Britain’s army of self-employed workers are more likely to work longer and save harder for retirement than their PAYE counterparts – but the Government should be wary of thinking this is the answer to the country’s pensions’ crisis, an academic has warned.
A survey of 200 self-employed people and more than 1,000 employees by Simon Parker, professor of economics and entrepreneurship at Durham Business School, found self-employed people were often squirreling more away for their retirement.
Perhaps unsurprisingly, they were also more likely to be using private pensions, although they would probably end up with small occupational pensions from jobs in their youth.
The long-term self-employed were also much more likely to keep on working and retire later, with those with higher earnings around retirement more likely to defer the date they picked up their carriage clock.
But those in Government circles who therefore believe encouraging older workers into self-employment could be an answer to the pensions’ crisis would be mistaken, Parker argued.
This was because very few older employees or those of retirement age switched into self-employment – and for those who did it was often a desperate last resort to earn some cash rather than as a means of boosting their retirement income.
They often ended up running very small businesses or doing low-paid, almost casual work, and were commonly in poor health, had unstable job histories or were working at the margins of society.
The study, "The Retirement Behaviour of the Self-employed in Britain", funded by the Economic and Social Research Council, argued that encouraging “third age entrepreneurs” may not be bad in itself, but it is unlikely to resolve the pensions’ issue.

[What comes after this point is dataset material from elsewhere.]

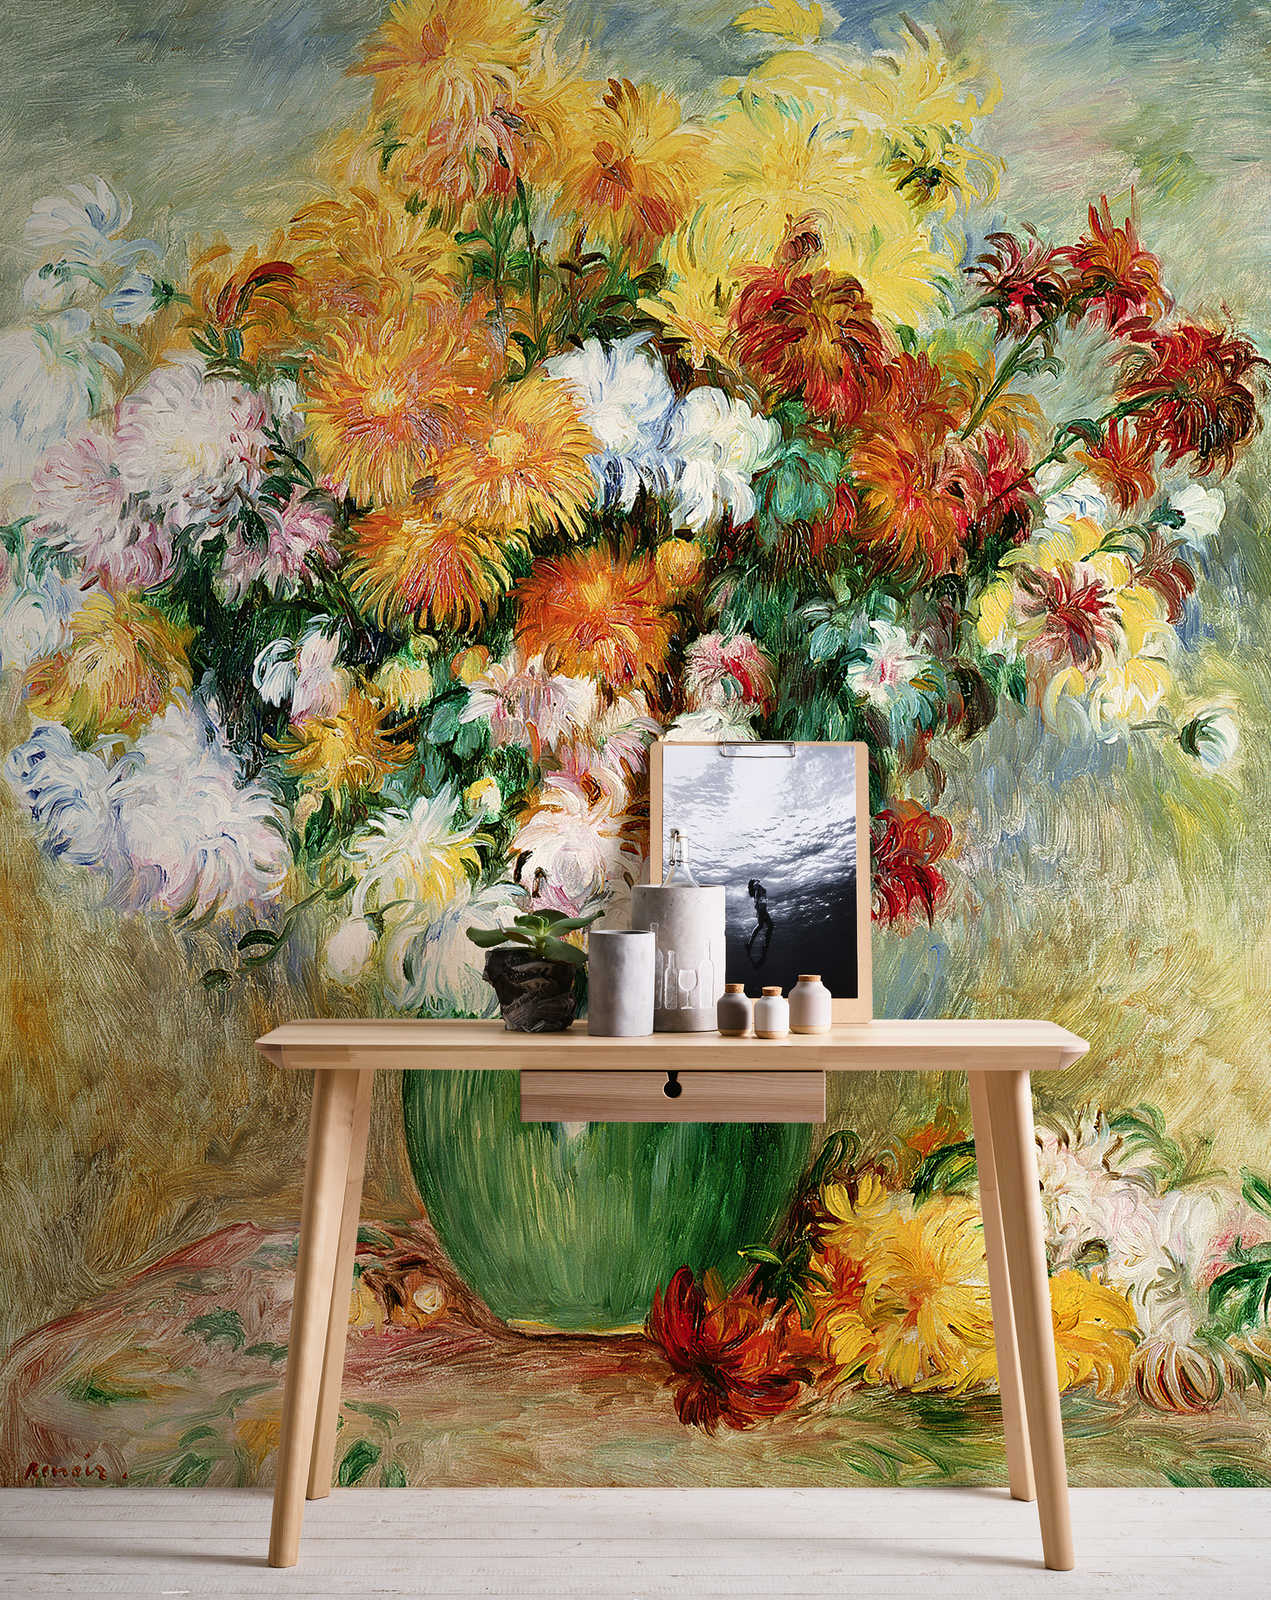             Papier peint "Bouquet de fleurs avec chrysanthème" de Pierre Auguste Renoir

"There is very limited scope for the Government to succeed in its objectives by encouraging third age entrepreneurs, it is going to have to look elsewhere," Parker told Management Issues.

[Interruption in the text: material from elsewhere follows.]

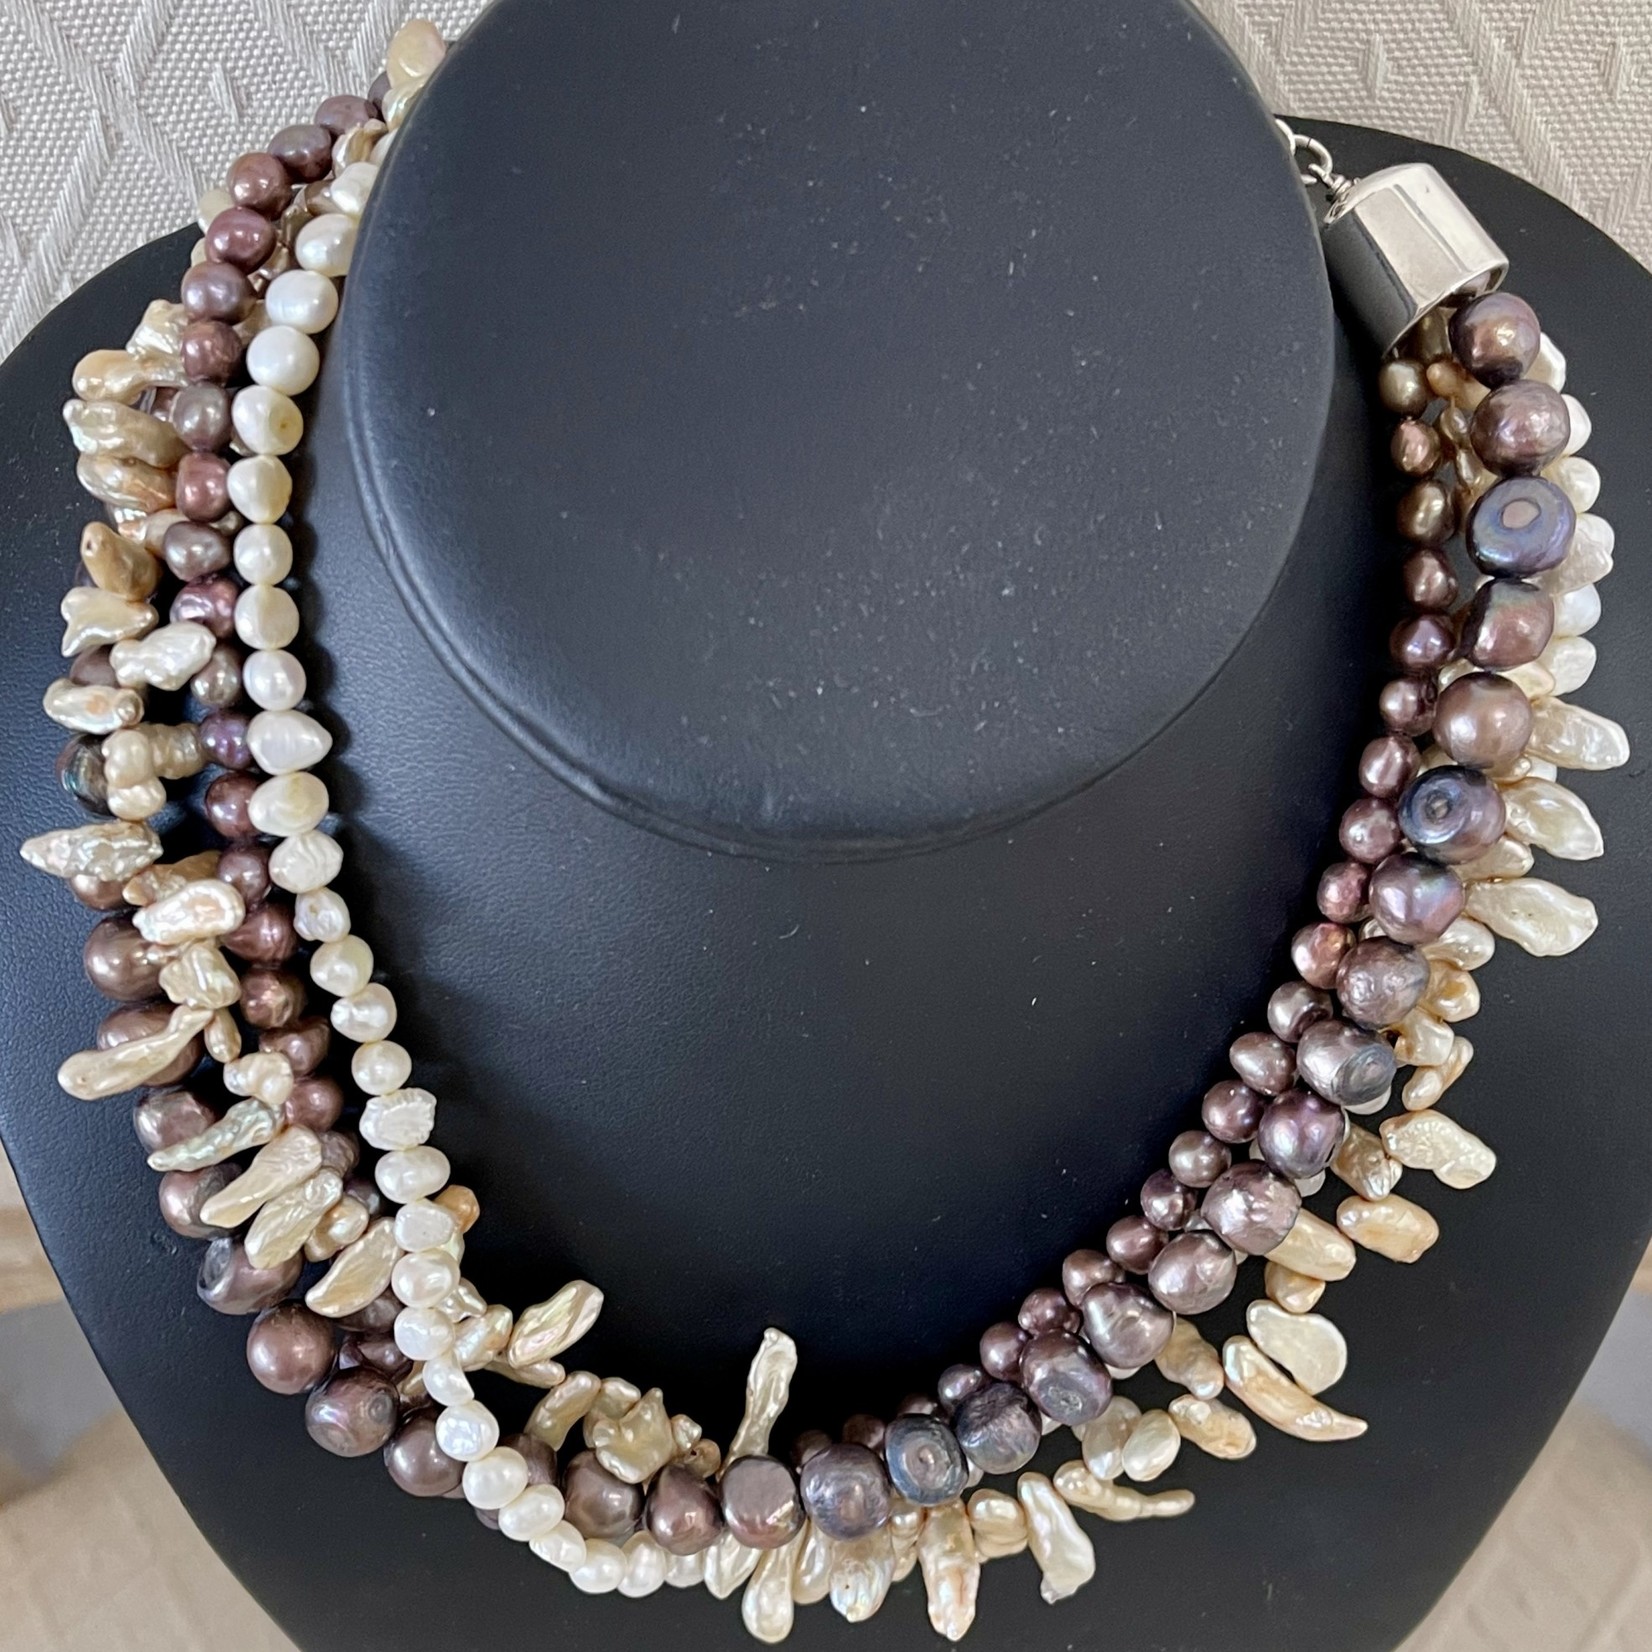 Rare Finds NECKLACE, Biwa pearls, potato pearls, 4 strand, 16" RARE

"People who switch into self-employment in later life are not the people who stick with it for long. They differ very much from the long-term self-employed," he added.
One answer might be to encourage people into self-employment at an earlier age. “If you are able to get people to run viable businesses younger they are more likely to stick with it,” he suggested.
But this would require a culture shift in how self-employment is perceived and a fresh look at the sorts of incentives there are to attract youngsters to go it alone.